Александр Секацкий: «Поразительно другое»
Сегодня всем кажется, что фотография недостаточно достоверна: слишком зависит от выбранного ракурса, степени редактирования исходника и личной позиции автора, чтобы быть правдой. Философ Александр Секацкий считает, что напротив, фотография в целом слишком реалистична, чтобы мы смогли ей поверить
То, что больше всего похоже на документ, может оказаться документом едва ли не в наименьшей степени — и даже удивительно, что относительно фотографии подобное прозрение пришло столь поздно, только в ХХ веке. Конечно, многое зависит от того, как мы будем понимать термин «документальность», ведь в каком‑то смысле и галлюцинации являются документами соответствующих состояний субъекта. Но если взять такую характеристику образа, как объективность, то она именно конституируется целой суммой перцептивных усилий. Среди них — двухкратное переворачивание изображения (в зрачке и затем «в итоговой картинке»), построение перспективы вне-находимости и, конечно же, «промедление», благодаря которому образом становится не первая попавшаяся сенсорная данность, а нечто избранное. Фотография прежде всего разрушает естественный порядок моментов времени, в этом её искусственность, но в этом же её особая изобразительная сила. Можно сказать, что это самая искусная подделка объективности.

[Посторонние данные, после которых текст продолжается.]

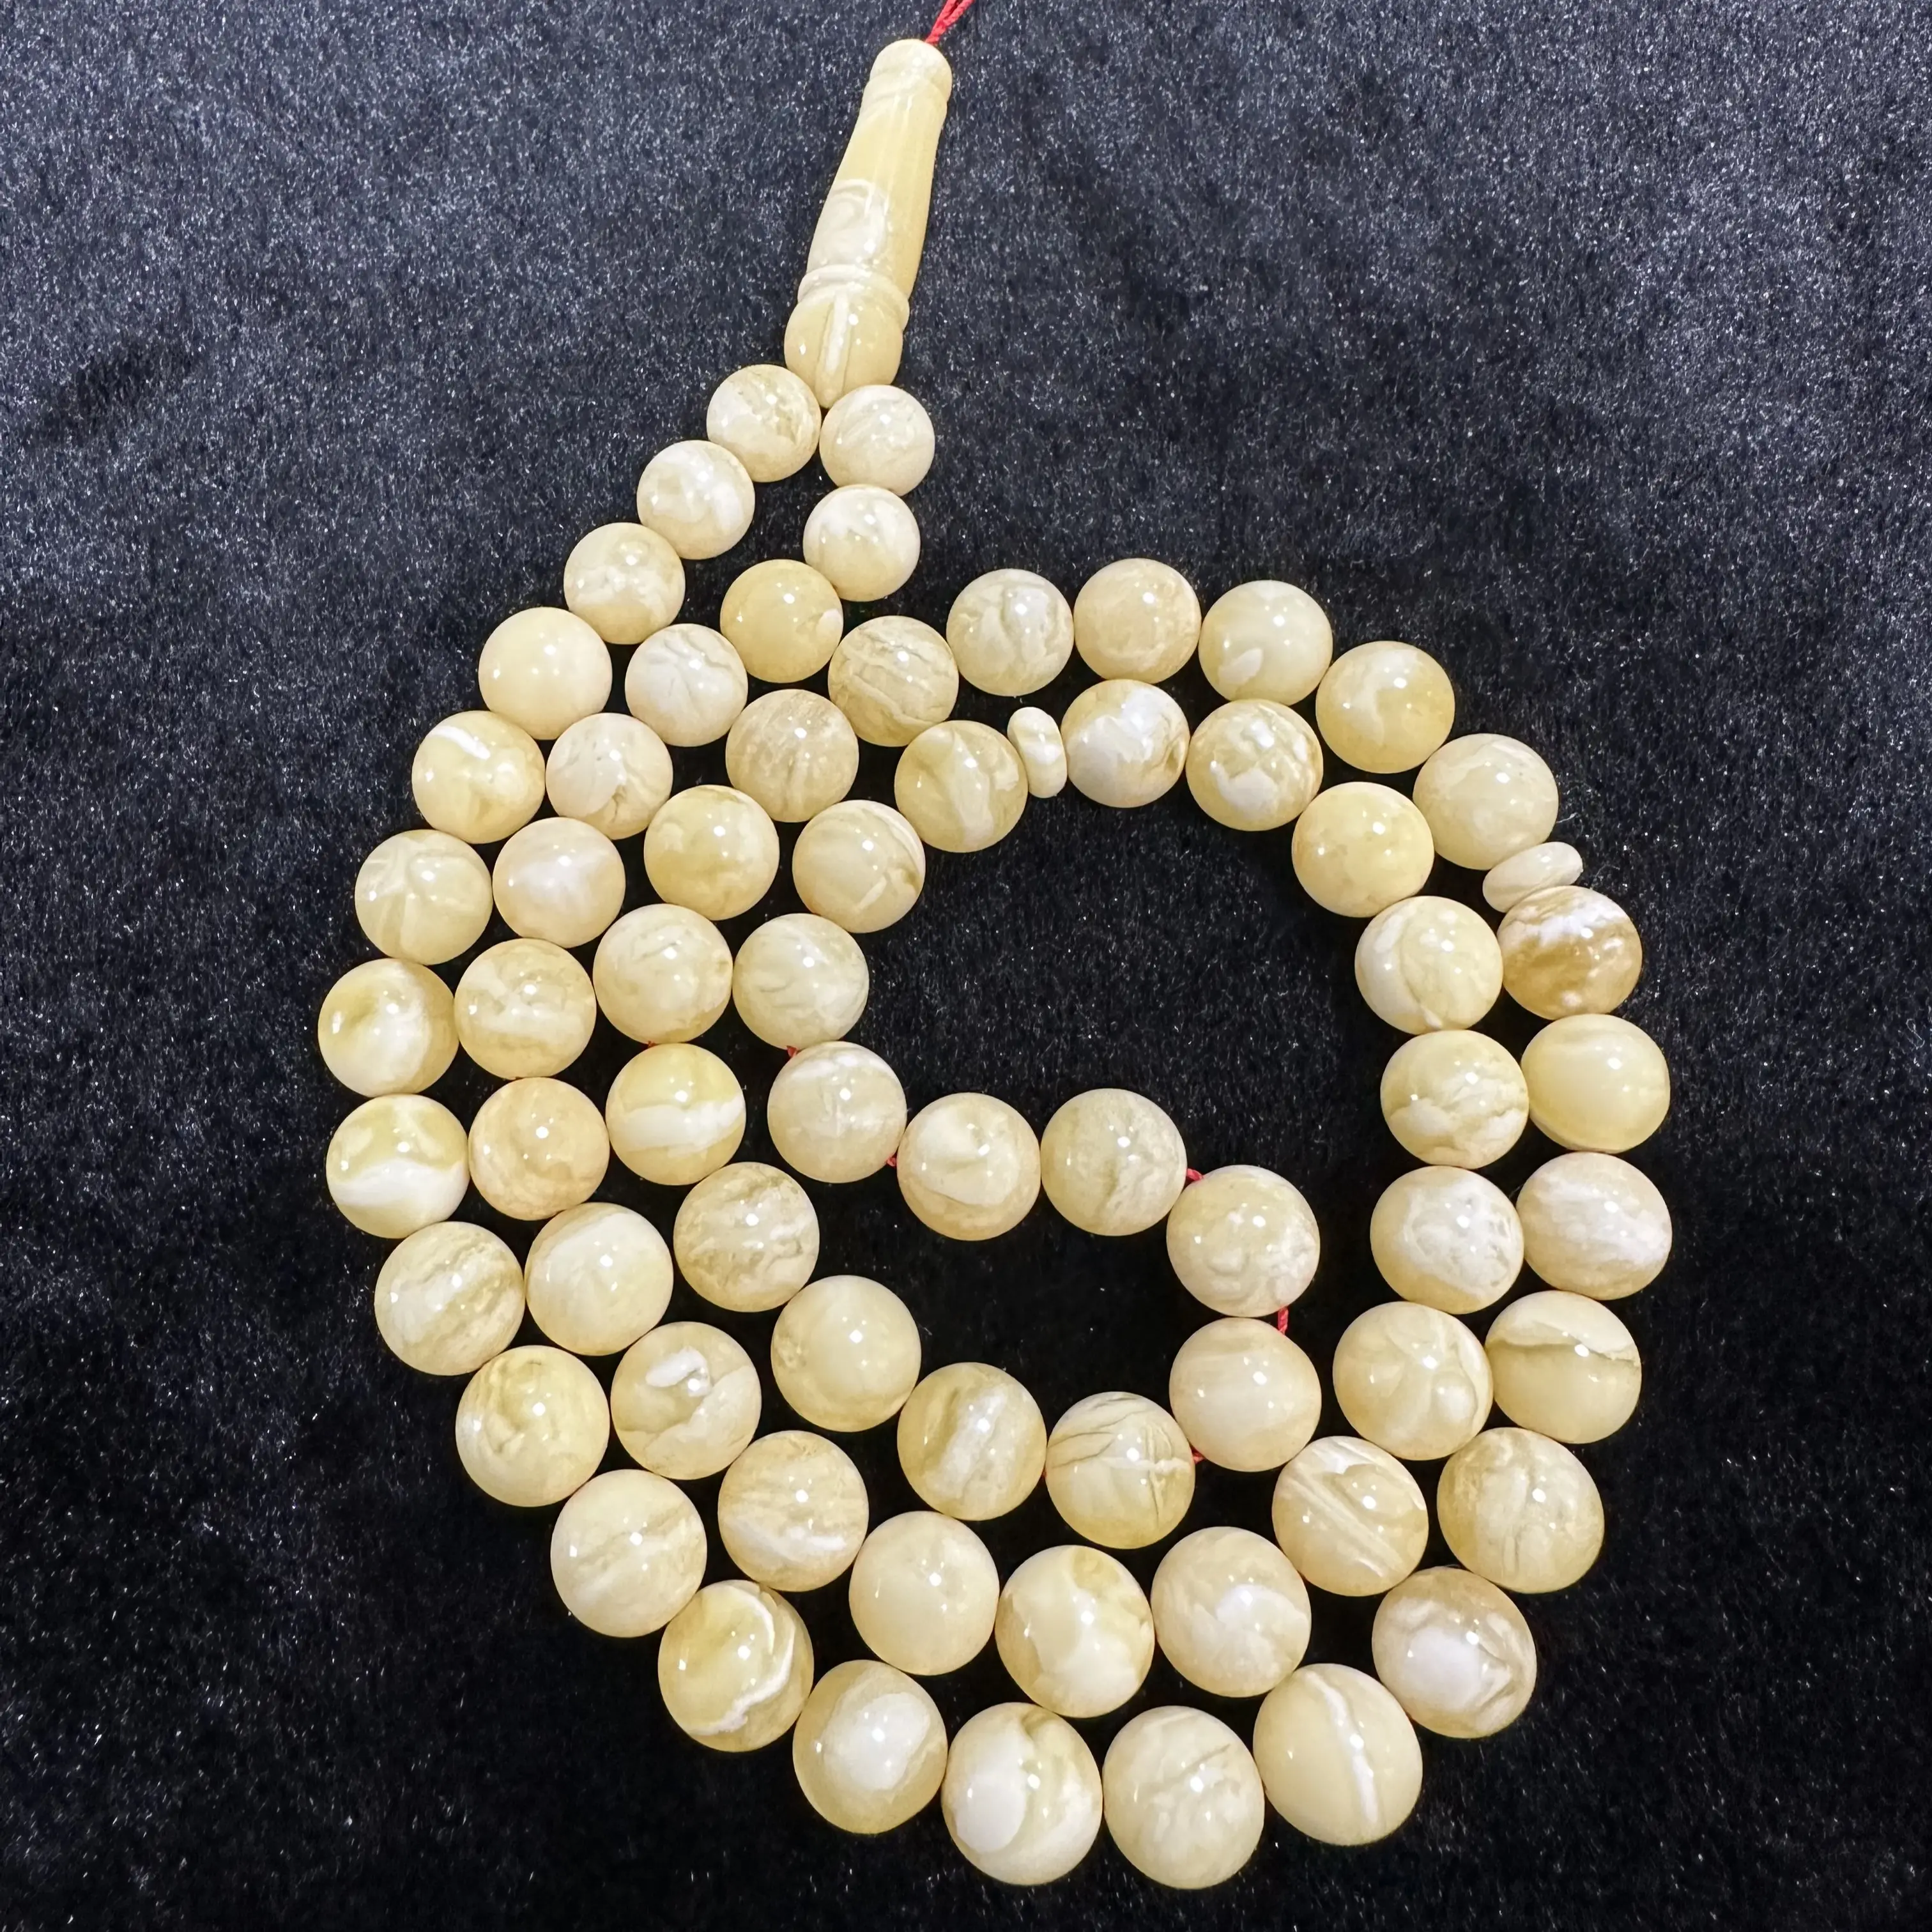 Ambra baltica naturale. Ambra bianca gialla di alta qualità. Classico rosario islamico musulmano. Belle perle di forma rotonda.

Фотограф, вернее его оптика, деформирует реальность гораздо меньше, чем оптика человеческого глаза — получающаяся в итоге картинка недостаточно деформирована, чтобы быть реальностью. Поэтому восприятие фотографии начинается с трактовки, с дополнительных трансформаций, направленных в ту или иную сторону. Не следует забывать, что «объективность» есть результат сложного синтеза, более сложного, чем, например, синтез экспрессивности. Поэтому первичным результатом применения фотообъектива оказывается всего лишь «фотообъективность», а что с ней делать дальше, зависит и от сознательного, и от бессознательного выбора.

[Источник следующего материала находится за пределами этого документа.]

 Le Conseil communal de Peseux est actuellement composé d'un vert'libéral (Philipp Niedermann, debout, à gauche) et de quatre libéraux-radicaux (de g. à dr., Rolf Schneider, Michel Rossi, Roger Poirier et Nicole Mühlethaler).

Кстати, снимок на паспорт вполне может стать (и не раз становился) элементом художественной экспозиции — так же, как, например, фотки из дембельских альбомов и вообще любой китч, любая документалистика. Всё это зависит не от каких‑то врождённых (встроенных) особенностей фотообъектива, а от рамок восприятия, если угодно, от жеста художника и нашей готовности согласиться с этим жестом. То есть, выражаясь предельно просто: документально в фотографии то, что мы готовы в данный момент считать документальным.

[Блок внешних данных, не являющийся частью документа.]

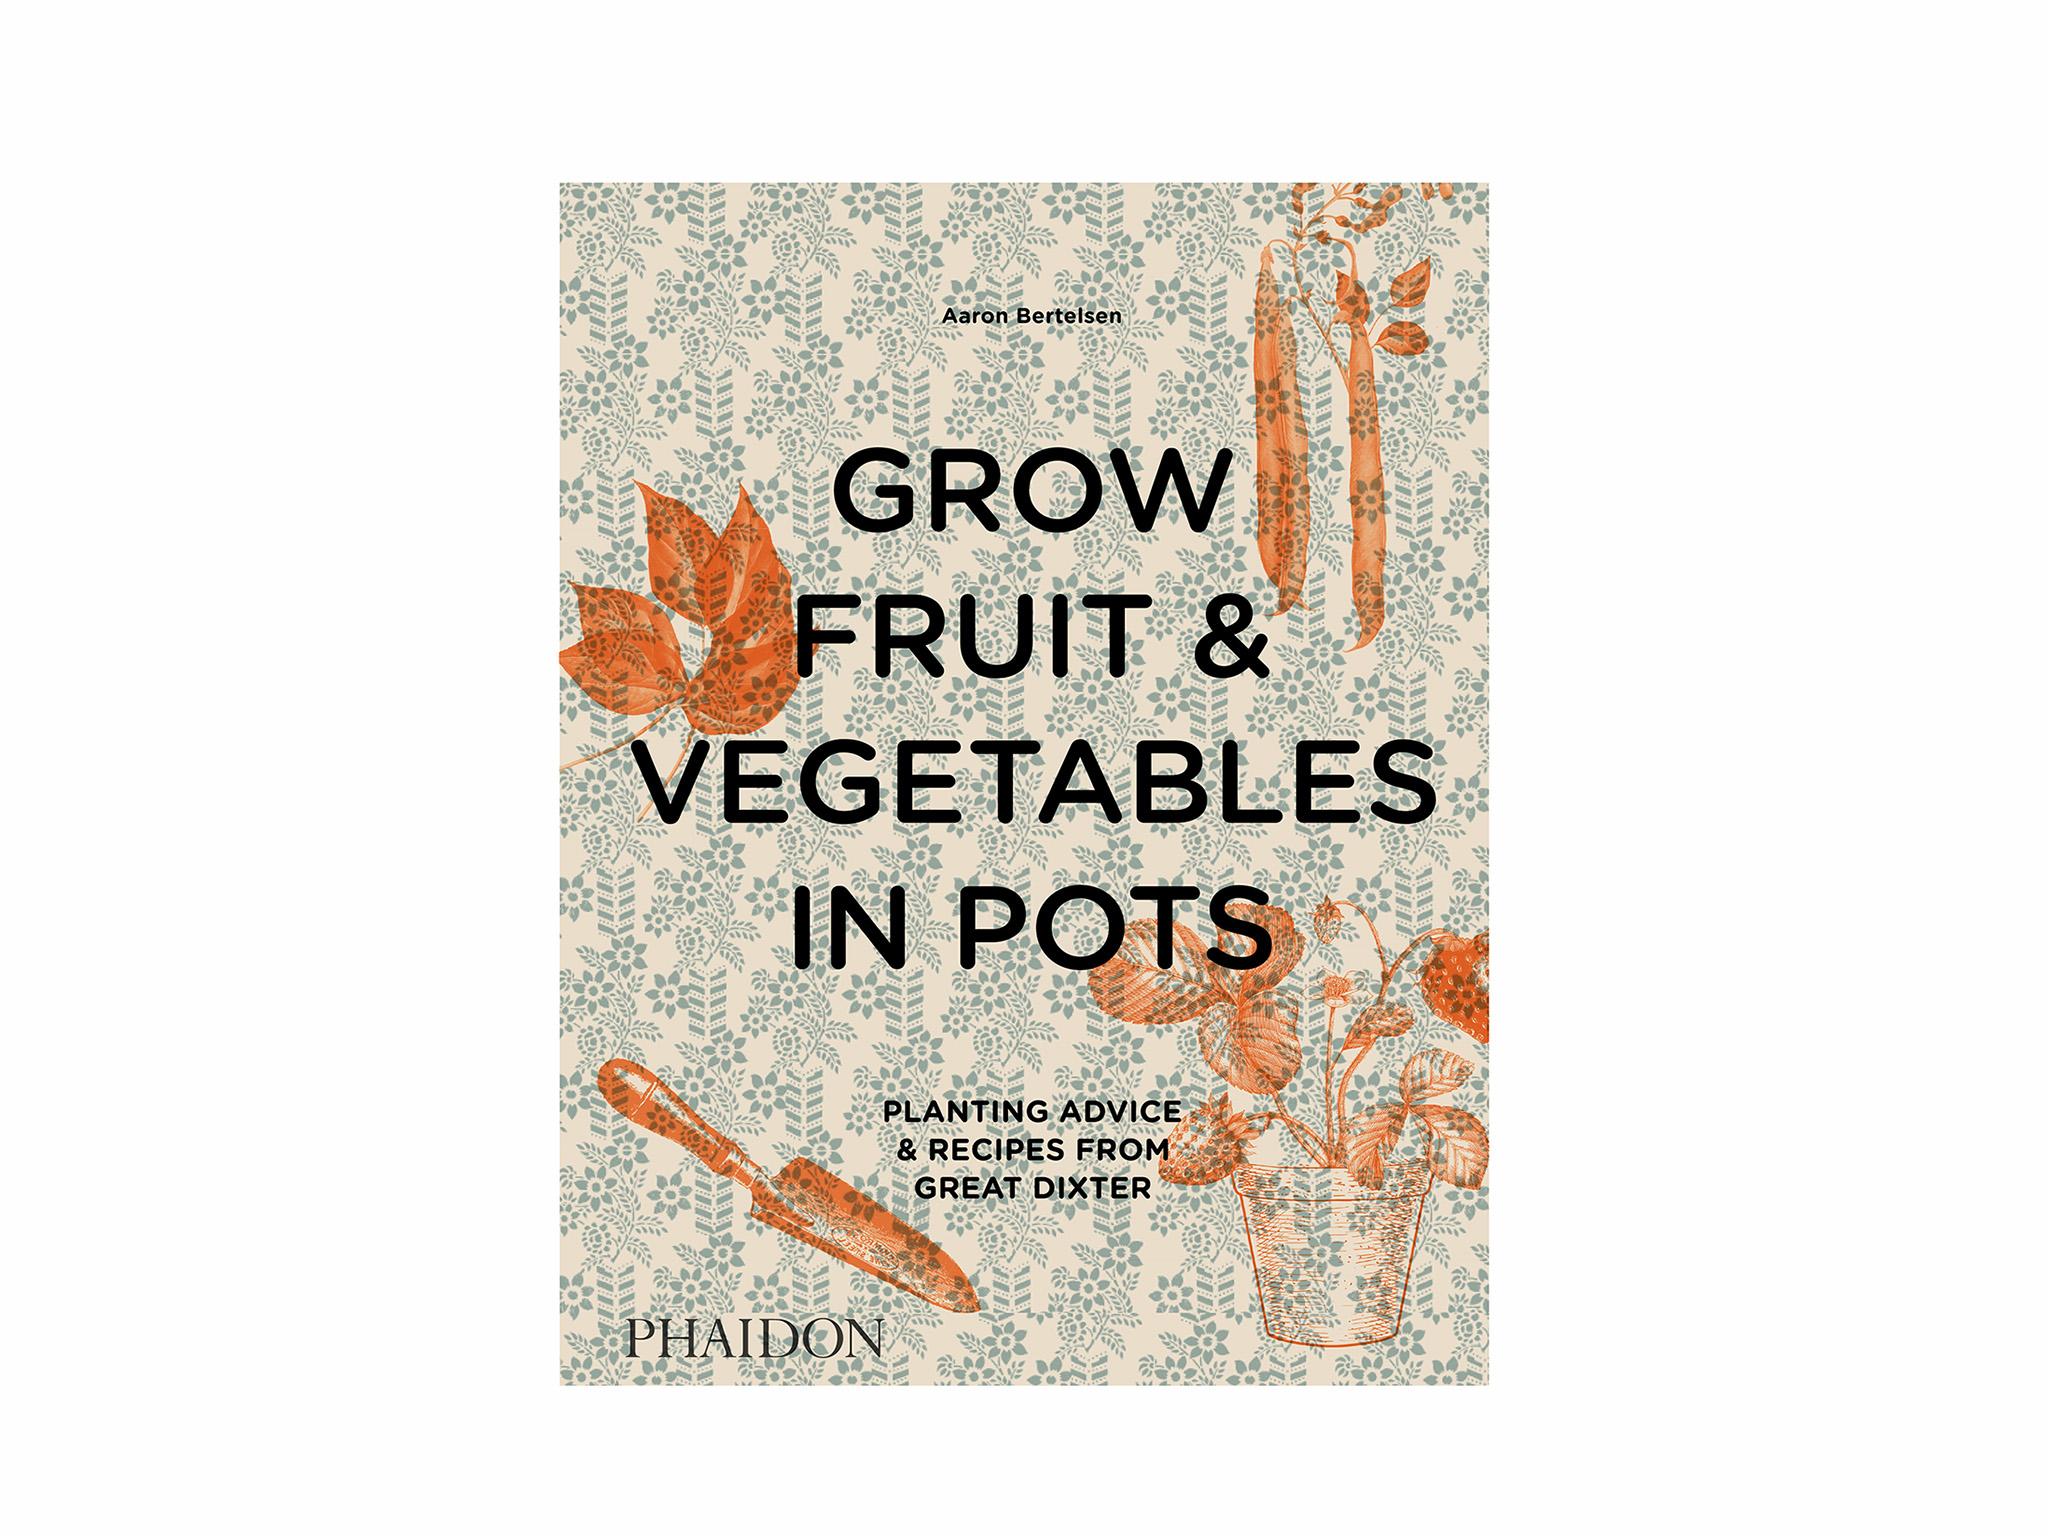 Grow Fruit & Vegetables In Pots by Aaron Bertlesman indybest gardening windowsill

Фотограф, вернее его оптика, деформирует реальность гораздо меньше, чем оптика человеческого глаза — получающаяся в итоге картинка недостаточно деформирована, чтобы быть реальностью
Соответственно и художественность, в смысле принадлежности к искусству, не гарантирована навеки. Даже «изобразительность» как таковая не является постоянным элементом изобразительного искусства: современные «креативные практики» это легко подтверждают. Другое дело, что художественность прошлого непременно останется частью искусства как искусства хранимого в противоположность искусству творимому. Вопрос лишь в том будет ли эта «прошлая» классическая художественность исполнять роль эталона по отношению к искусству, творимому сейчас, или нет.
Установить разграничение между документальным и художественным раз и навсегда, разумеется, невозможно. Но даже в ситуации здесь и сейчас это весьма проблематично. Я полагаю, что в значительной степени искусство (и фотоискусство, разумеется) живёт за счёт постоянного контрабандного перехода границы в ту и другую стороны.
Поразительно другое — то, что живопись в целом не пострадала от вторжения фотографии в том смысле, в каком пострадали керосиновые лампы после появления электрического освещения. Какие‑то жанры и формы искусства вдруг утрачивают актуальность просто потому, что их время ушло (например, басня). Но, как считал Поль Валери, в искусстве ни один жанр не исчезает бесследно — даже самый скучный на данный момент жанр просто уходит в тень времени, чтобы затем выйти из анабиоза и уверенно потеснить то, что ещё вчера было столь актуальным.
Всякий раз, глядя на что‑то, мы создаём зрительный образ. Зачем нам столько зрительных образов? Как наш мозг справляется с этим безумно перегруженным архивом?
Перепроизводство визуальности является безусловной доминантой современной картины мира. Но как раз фотография — это едва ли не последнее средство, чтобы доказать, что визуальность визуальности рознь.
Мне кажется, что лет через десять этот вопрос будет звучать ещё более странно, примерно так: всякий раз, глядя на что‑то, мы создаём зрительный образ. Зачем нам столько зрительных образов? Как наш мозг справляется с этим безумно перегруженным архивом? А ведь справляется…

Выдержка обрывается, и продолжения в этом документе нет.